Jacques Boissinot/The Canadian Press Naomie Tremblay-Trudeau.

Pour la première fois depuis l’incident où une jeune manifestante a été blessée par une bonbonne de gaz lacrymogène tirée en plein visage à bout portant, jeudi dernier, le syndicat des policiers de Québec sort de sa réserve.

Dans un communiqué diffusé lundi, la Fraternité des policiers de Québec (FPPVQ) ainsi que la Fédération des policiers municipaux du Québec (FPMQ), à laquelle elle est affiliée, disent vouloir éviter les débordements lors des manifestations et réitèrent «sans équivoque l’importance de pouvoir manifester selon ses convictions».

En aucun moment la jeune Naomie Tremblay-Trudeau, l’étudiante de 18 ans du cégep F-X Garneau qui a été blessée lors de la manifestation devant l’Assemblée nationale, n’est-elle mentionnée dans le communiqué.

Tout au plus, le président de la Fraternité, Marc Richard, dit se désoler de la tournure des événements et ajoute qu’«à chaque fois qu’un individu est blessé, que ce soit un manifestant ou un policier, c’est un événement triste».

La Fédération fait valoir que ses membres travaillent «dans un contexte extrêmement difficile» et soutient qu’il est possible de manifester dans le respect de quelques règles permettant aux policiers de faire leur travail. Son vice-président, Paulin Aubé, invite les manifestants à fournir leur itinéraire, à manifester à visage découvert et à respecter les avis de dispersion.

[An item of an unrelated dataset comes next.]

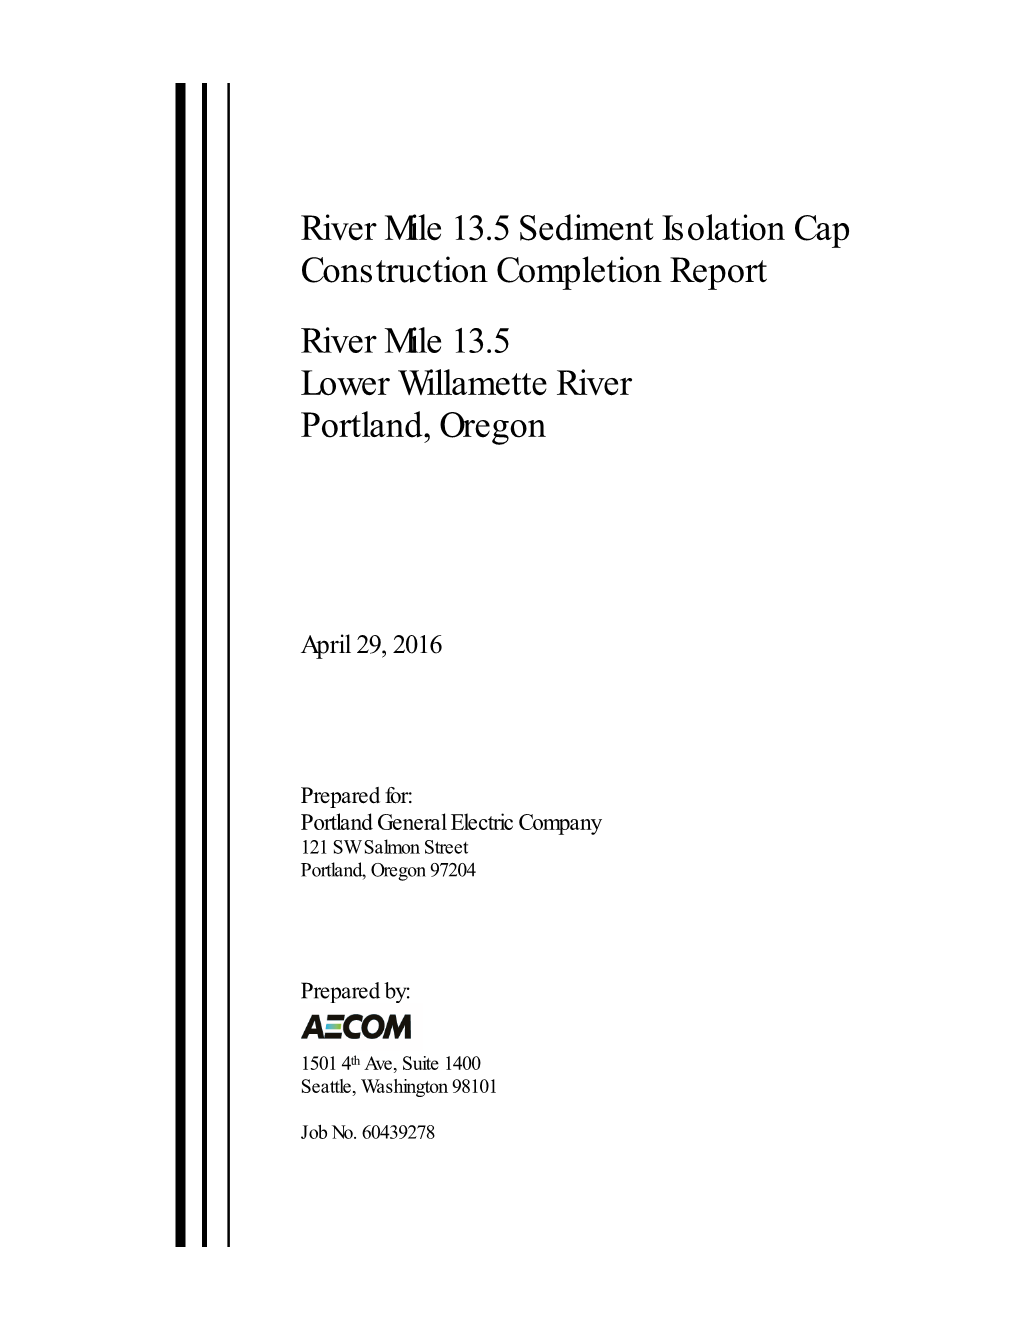 River Mile 13.5 Sediment Isolation Cap Construction Completion Report

Marc Richard invite par ailleurs l’ensemble des intervenants publics à se montrer prudents dans leurs commentaires avant la publication des résultats de l’analyse de l’opération du 26 mars dernier.

Après avoir initialement blâmé les manifestants, le maire de Québec, Régis Labeaume, a fait marche arrière pour reconnaître que le tir de gaz lacrymogène sur l’adolescente avait été une erreur.

La ministre de la Sécurité publique, Lise Thériault, s’est pour sa part dite «troublée» après avoir vu les images de la confrontation qu’elle a qualifiées de «choquantes».

De son côté, l’ex-ministre Serge Ménard, qui avait dirigé une commission d’enquête sur les manifestations du «printemps érable» de 2012, a déclaré que rien ne justifiait le fait de viser un projectile au visage d’un étudiant à moins d’être en danger de mort.

Naomie Tremblay-Trudeau n’a pas écarté la possibilité d’intenter des poursuites contre le policier en question.

L’affaire a aggravé la polarisation d’un débat qui n’en avait guère besoin. Les réseaux sociaux ont vu apparaître des pages tant de soutien à l’étudiante que de dénonciation de celle-ci, alors que le même phénomène de positions diamétralement opposées s’est produit dans le cas du policier.